Con el tercer sitio en mente, nos levantamos temprano para aprovechar la luz del día. Oímos hablar de un equipo que había perdido a cuatro escaladores. Nos hizo sentir humildes y nos asustó al mismo tiempo. Cuando te enfrentas al miedo, tu instinto de supervivencia entra en acción. Todos sabíamos que teníamos que seguir al grupo en todo momento. Despejé mi cabeza de cualquier otra cosa en la que pudiera estar pensando mientras me abría paso a través de la nieve y el clima helado. A veces, mi adrenalina era tan alta que ya no sentía el frío. Cuando llegamos al campamento tres, las condiciones meteorológicas eran terribles e inmanejables. Obligaron al equipo a retirarse al campamento dos.
Como parte de nuestro plan de seguridad, siempre cronometramos el tiempo que se tarda en pasar de un campamento al siguiente. De este modo, cuando alguien no lo consigue en el tiempo previsto, podemos ser precavidos. Deben rehacer la escalada hasta que se familiaricen mejor con ella. Mi primera vez entre campamentos me llevó nueve horas. La segunda vez, lo hice en cuatro. En grupos, avanzaba más despacio, a medida que nos aclimatábamos a las cambiantes condiciones meteorológicas.

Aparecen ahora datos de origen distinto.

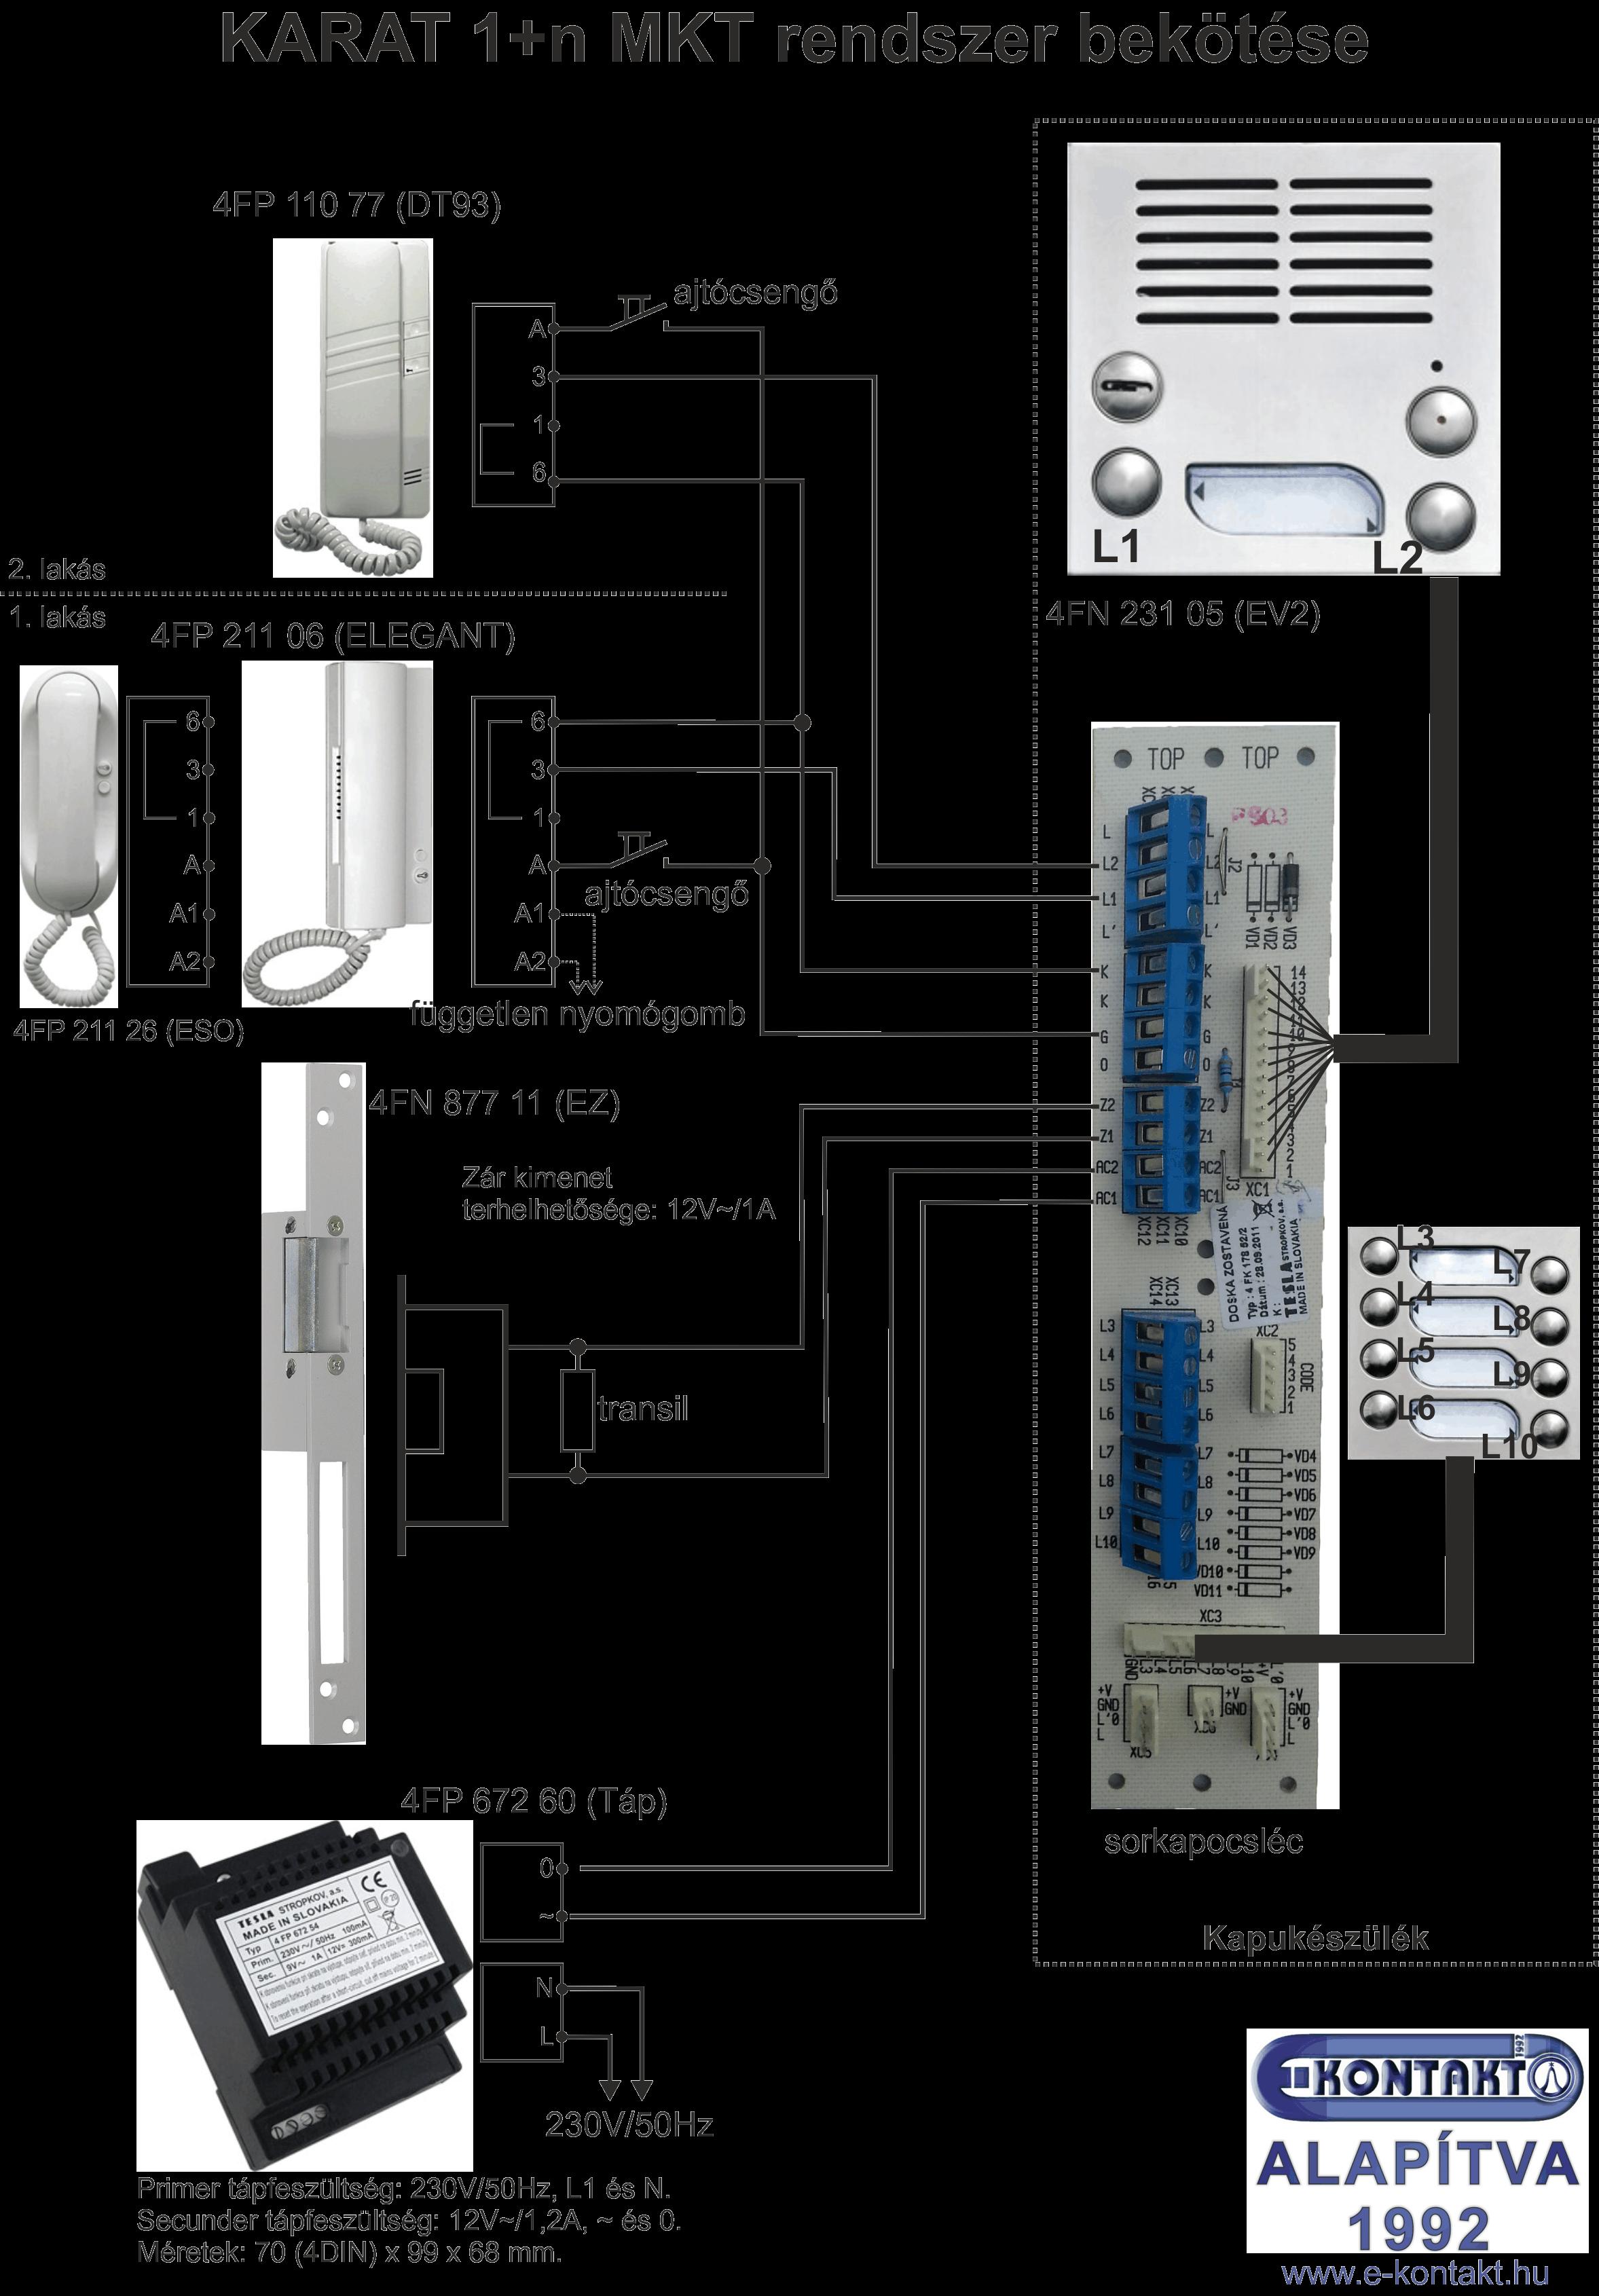 KARAT 1+n MKT  kaputelefon bekötése

Cuando por fin llegué a la cumbre del Everest, no podía creer lo que veían mis ojos. Me quedé allí en silencio, contemplando el horizonte y la nieve a mi alrededor. En ese momento, no importaba que tuviera los dedos y los pies helados o que estuviera tan agotada que pudiera caerme al suelo. Me quedé asombrado ante la vista irreal que se extendía ante mí. Como equipo, también lo celebramos. Nos sentimos increíblemente orgullosos los unos de los otros. Nos tomamos un buen rato para estar allí y asimilarlo todo.
De regreso al Everest, me quedé un poco más en el campo cuatro con otros dos alpinistas. Mi equipo de cordada continuó hasta el fondo. En total, tardamos un mes y medio en subir y bajar del Everest. Los equipos siempre planifican con antelación y pagan dos meses, ya que es la duración media de la ascensión. Sin embargo, el ritmo cambia de una persona a otra.
Para mí, el descenso no fue tarea fácil. Me pareció mucho más duro que subir. Para entonces, ya había perdido la ilusión que me movía por llegar a la cima. Debido a mis rodillas, tuve que bajar el ritmo y descansar durante largos periodos entre campamento y campamento. Uno de los escaladores que se quedó atrás conmigo, pronto se debilitó. Si continuaba, temíamos que muriera. Así que, un día, un helicóptero vino a recogerlo. Ese día fue el que más me desafió. En el proceso de cuidar de los demás, descuidé mi propia salud en un entorno crítico y peligroso.
Me enfermé y, cuando llegué a la base del Everest, vomité cuatro veces. Sentía que la deshidratación ralentizaba mi cuerpo, pero seguí adelante. Aprendí que muchos de los retos son más difíciles mentalmente que físicamente. Al final, lo conseguí.
De vuelta a casa, recibí un aluvión de mensajes de felicitación y elogios de gente de todo el mundo. Sin embargo, me costó asimilar lo que acababa de conseguir. A mis 62 años, me siento increíblemente orgulloso de ser el primer keniata que hace cumbre en el Everest, y uno de los pocos negros que han logrado esta monumental tarea. Puedo decir sinceramente que esta experiencia me ha aportado serenidad.